MGM Resorts International (MGM) reported its fourth-quarter 2010 adjusted loss of 20 cents per share as compared with the Zacks Consensus Estimate of 22 cents loss per share and the year-earlier loss of 21 cents.

On a GAAP basis, net loss per share was 29 cents compared with a loss of 98 cents in the comparable quarter prior year. The reported quarter’s loss includes a 7-cent per share reduction in the company’s income tax benefit from providing reserves for certain state-level deferred tax assets. The prior-year quarter’s results included impairment charges of 73 cents per share, related to the company’s undeveloped land holdings in Atlantic City.

On a GAAP basis, loss per share in 2010 was $3.19 versus a loss of $3.41 per share in 2009.

Net revenue excluding reimbursement costs, mainly related to the company’s management of CityCenter, slipped 1% year over year to $1.53 billion but surpassed the Zacks Consensus Estimate of $1.49 billion.

For full-fiscal 2010, net revenue excluding reimbursement costs was $6.29 billion, down 3.8% year over year.

Inside the Headline Numbers

Total casino revenue tumbled 3% year over year due to lower revenues from table games. MGM Resorts’ table games volume dropped 13%. The overall table games hold, as a percentage of turnover, in the quarter, was near the low end of the company’s normal range of 18% to 22%. The percentage was slightly lower on a year-over-year basis. However, revenues from slots increased 2% during the quarter.

Revenues from rooms, excluding the impact of resort fees, fell 5% primarily on account of Las Vegas Strip where RevPAR (revenue per available room) dropped 2% and occupancy decreased from 86% to 84%. Had resort fees been included, room revenues and REVPAR would have been up 1% and 2%, respectively. Apart from Mirage, all properties posted decreases in RevPAR. CityCenter and Aria generated revenues of $257 million and $198 million, respectively.

MGM Resorts recorded an operating income of $107 million compared with an operating loss of $487 million in the year-earlier quarter. The 2009 quarter included a $548 million impairment charge related to the company’s Atlantic City land and $25 million related to its share of CityCenter’s pre-opening costs.

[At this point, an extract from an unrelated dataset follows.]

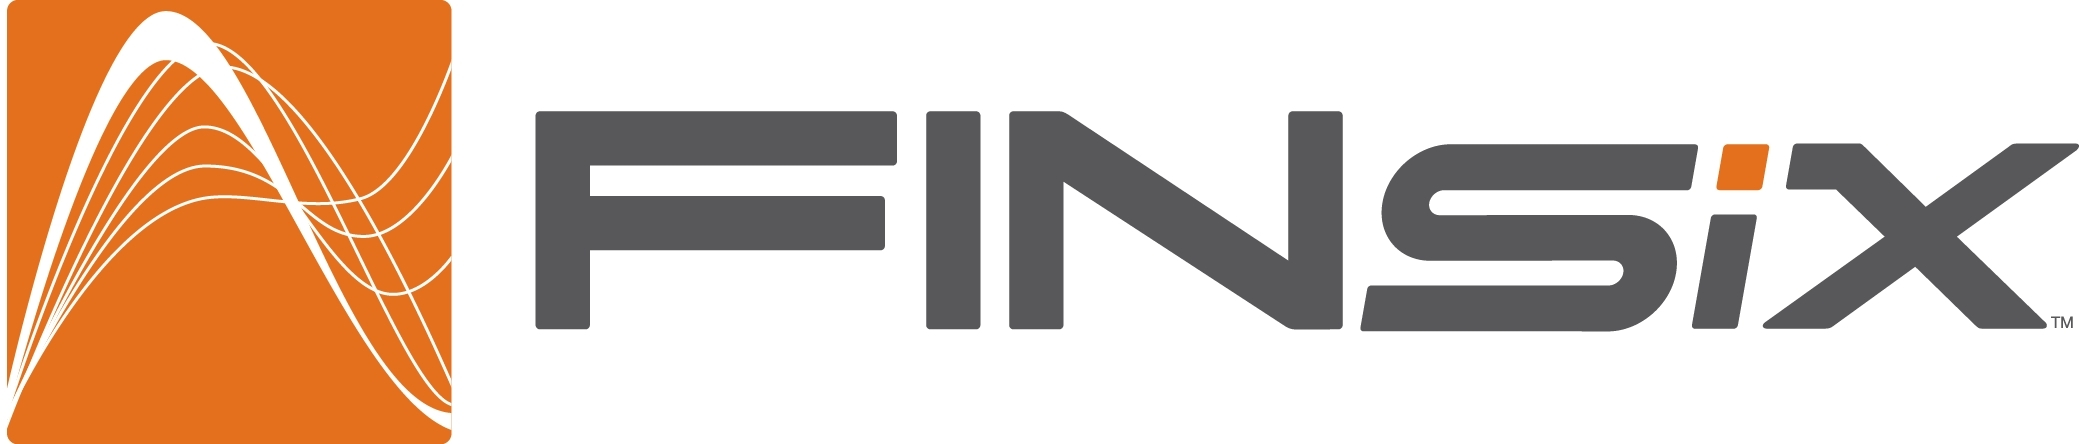 Resultado de imagen de finsix logo
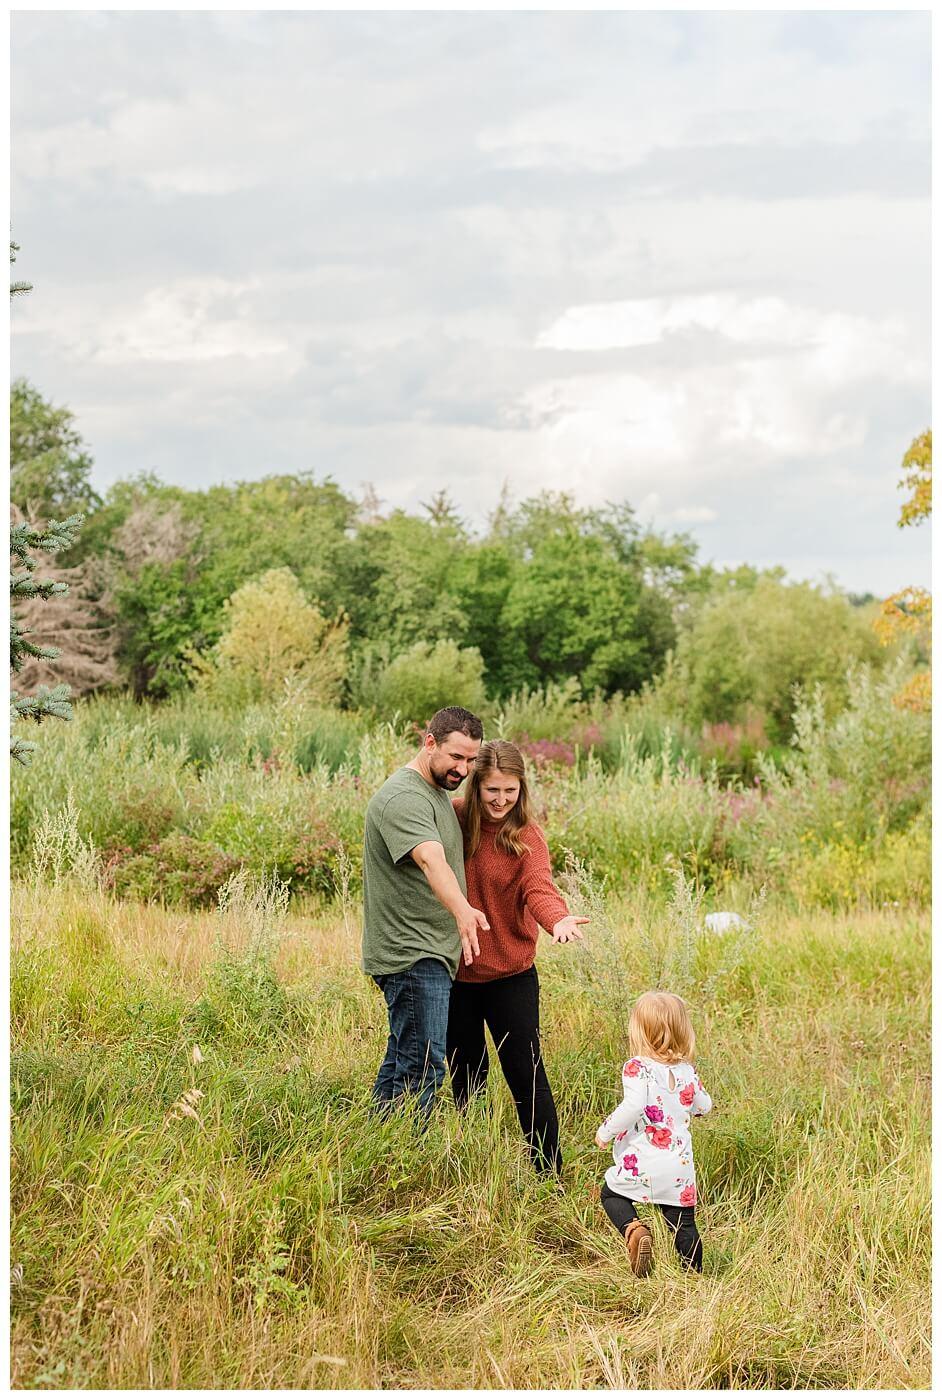 Eyre Family 2021 - AE Wilson Park - Family Photo Shoot - 16 - Little girl blazes a new trail

The operating loss related to CityCenter was partially offset by MGM Macau, which posted an operating income of $119 million, significantly up from the prior-year quarter. However, Aria was aided by high table games hold percentage, which was near the high end of its expected range and led to adjusted property EBITDA of $30 million.

Financial Position

At quarter-end, MGM Resorts’ total cash balance was $499.0 million. Total debt outstanding was $12.0 billion.

Our Take

We believe MGM Resorts is ideally positioned to take advantage of both domestic and international opportunities, and is executing well on its business strategy. The Las Vegas operation has not fully recovered, but it has begun to stabilize. MGM Macau registered robust growth the reported quarter with Aria ramping up its operating performance. However, we remain cautious on CityCenter, which continues to struggle.

MGM Resorts’ close competitors Las Vegas Sands Corp. (LVS) and Wynn Resorts Ltd.(WYNN) recently reported their fourth-quarter 2010 earnings. Both companies outpaced the Zacks Consensus Estimates reflecting strong performance at Macau business. We believe Macau will drive the future of the casino companies before Las Vegas fully recovers.